BHP Billiton expects this will extend the mine life by more than 50 years.

BHP Billiton CEO, Andrew Mackenzie, says the SGO project supports BHP Billiton’s strategy to deliver near-term, valuable copper production.

In the first 10 years of operation, incremental production from SGO will be approximately 185 ktpa of payable copper in concentrate and 4 ktpa of payable molybdenum, with first production expected in the 2021 financial year.

The current copper cathode stream will continue until the 2025 financial year.

The project will convert 1.3 Bt of measured and indicated mineral resources to hypogene sulphide ore reserves.

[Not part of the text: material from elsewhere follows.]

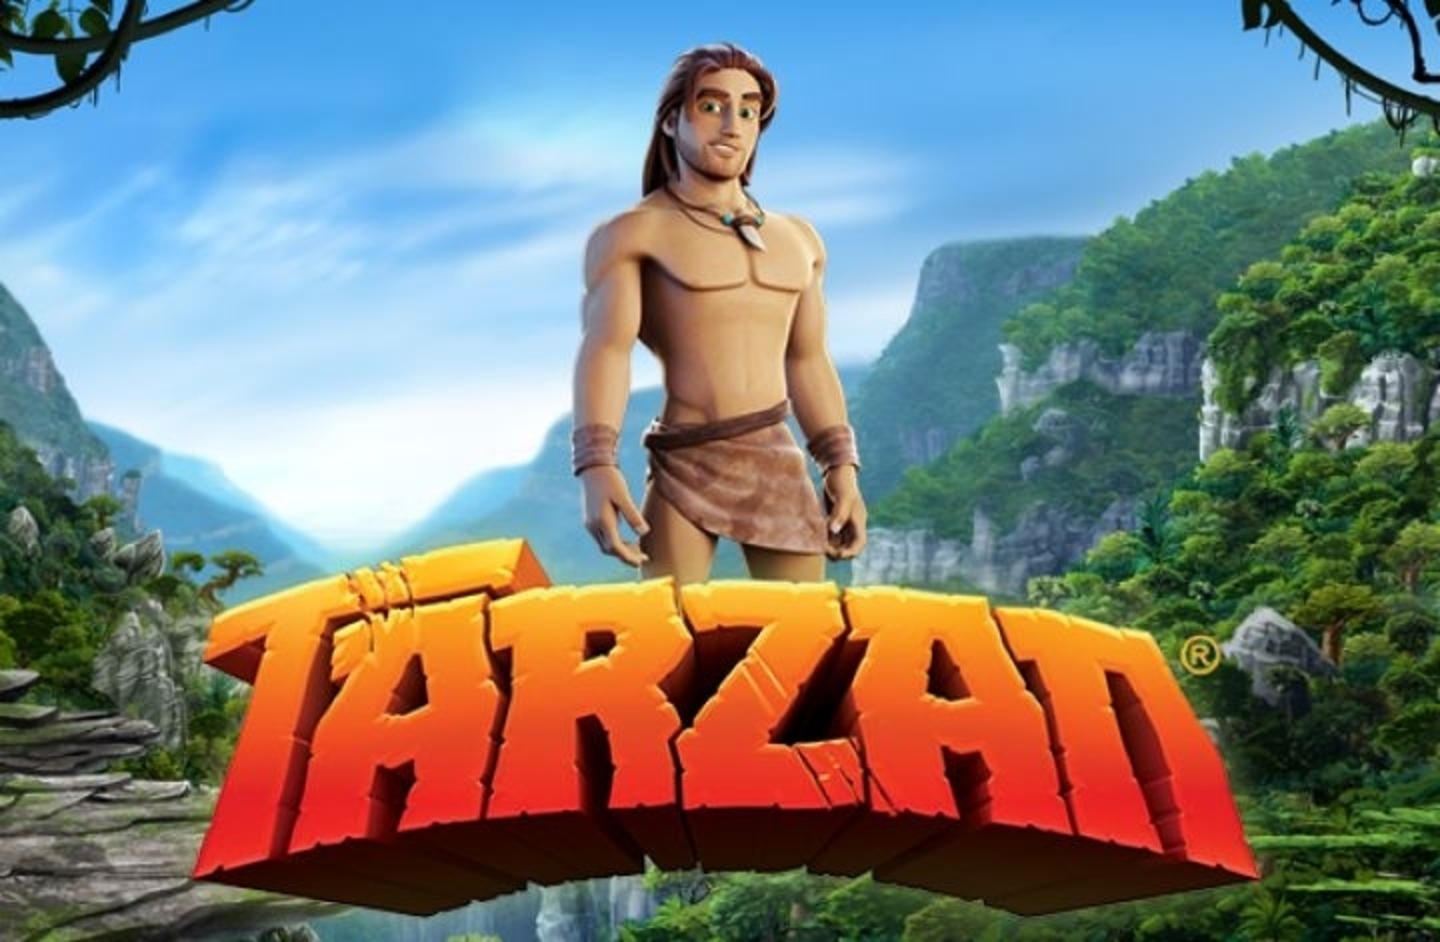 The Tarzan Online Slot Demo Game by Microgaming

SGO was rigorously evaluated using BHP Billiton’s capital allocation framework and, at mid-case consensus prices, has an expected internal rate of return of 16% and an expected payback period of 4.5 years from first production.

“Execution of the SGO will create long-term value for shareholders in one of our preferred commodities,” states Mackenzie.

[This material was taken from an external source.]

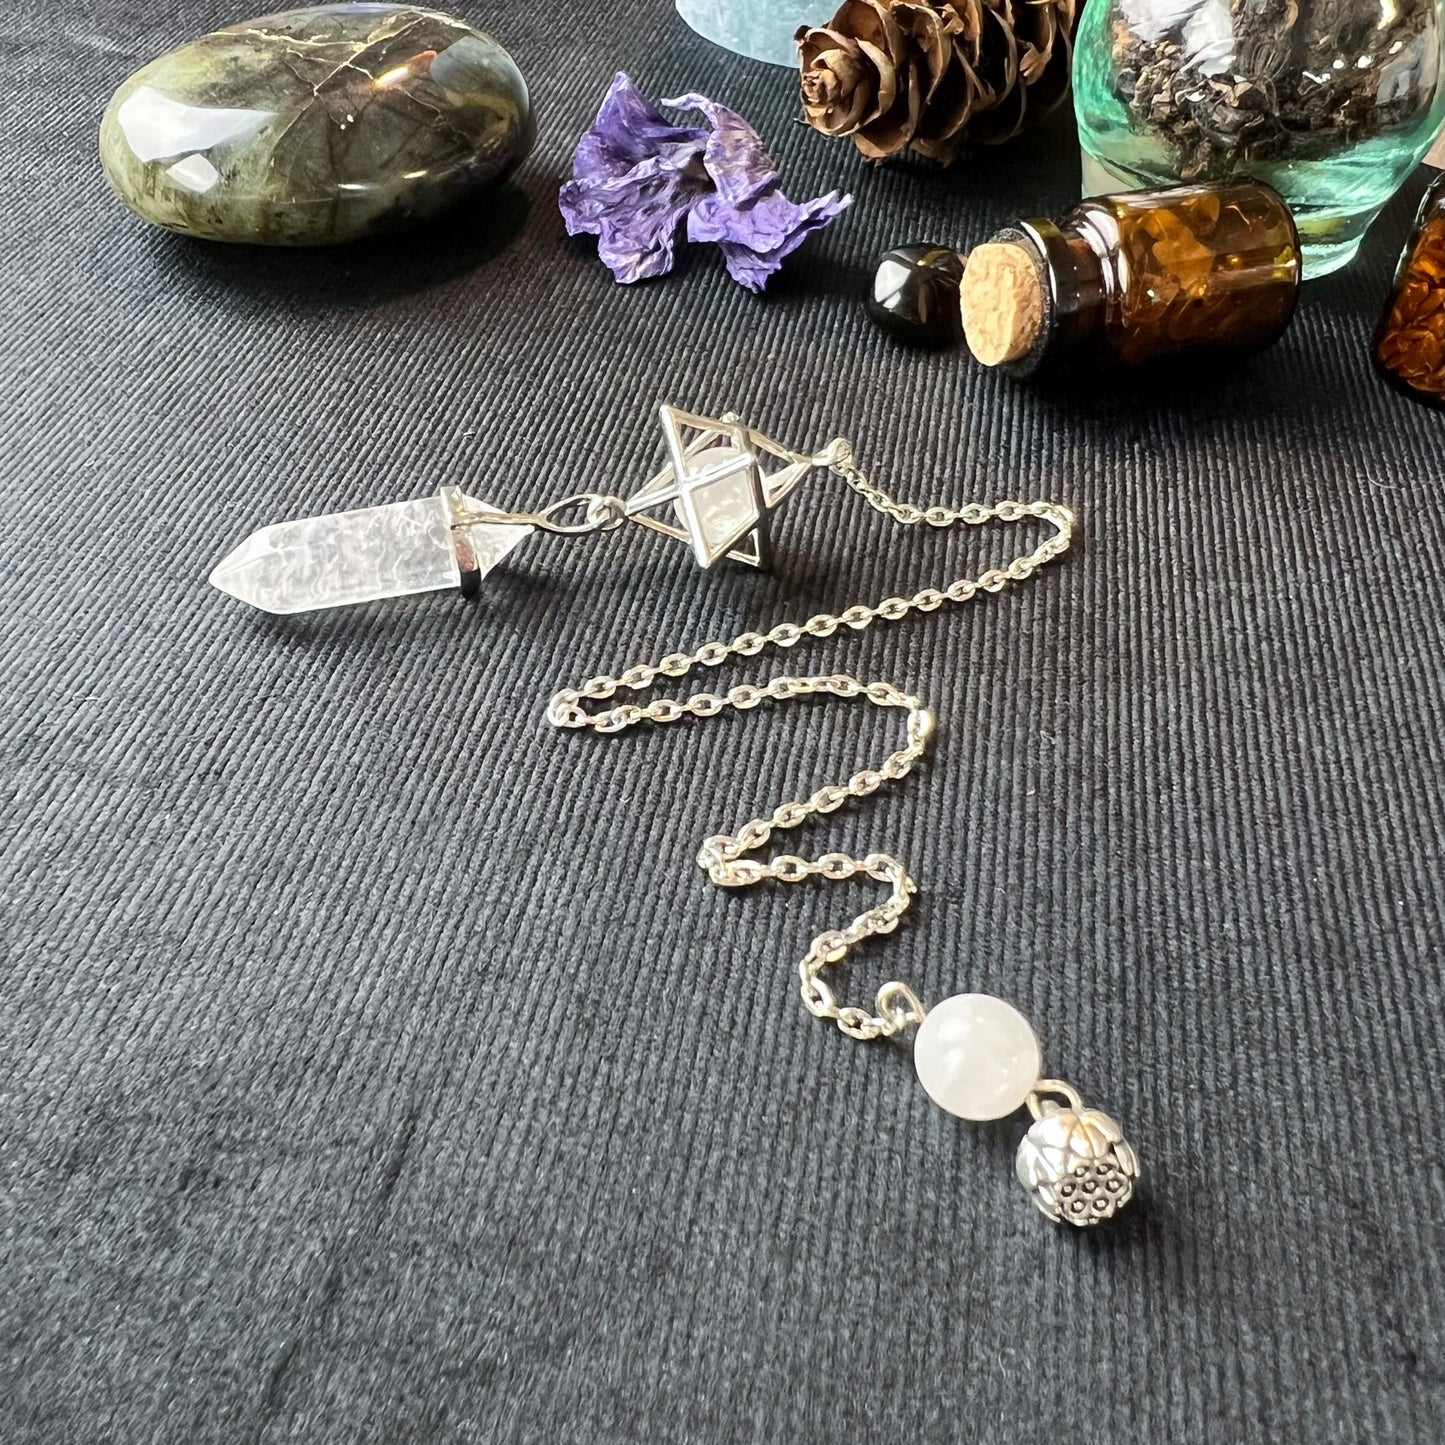 Clear quartz Merkaba and lotus seed divination pendulum - The French Witch shop

The project significantly extends the life of our Spence operation and unlocks the potential of the large, quality resource.”

“SGO has been extensively studied and we have made significant improvements to project cost and design so that it is able to compete in our portfolio of attractive development options.”

The SGO project will draw on experience developed in the construction of the Organic Growth Project 1 concentrator and desalination plant at Escondida in Chile, and create up to 5 000 jobs during the construction phase.

The project includes the design, engineering and construction of a conventional large-scale sulphide concentrator for both copper and molybdenum with a 95 ktpd nominal ore throughput capacity.

In addition, SGO will require a new 1 000 litre per second desalination plant located at Mejillones Bay and a 154 km water pipeline from the plant to the mine site.

These will be built and operated by a third party under a build, own, operate and transfer contract, which has been separately awarded, with nominal, undiscounted value of lease payment obligations over the 20 year contract term totalling $1.43 billion.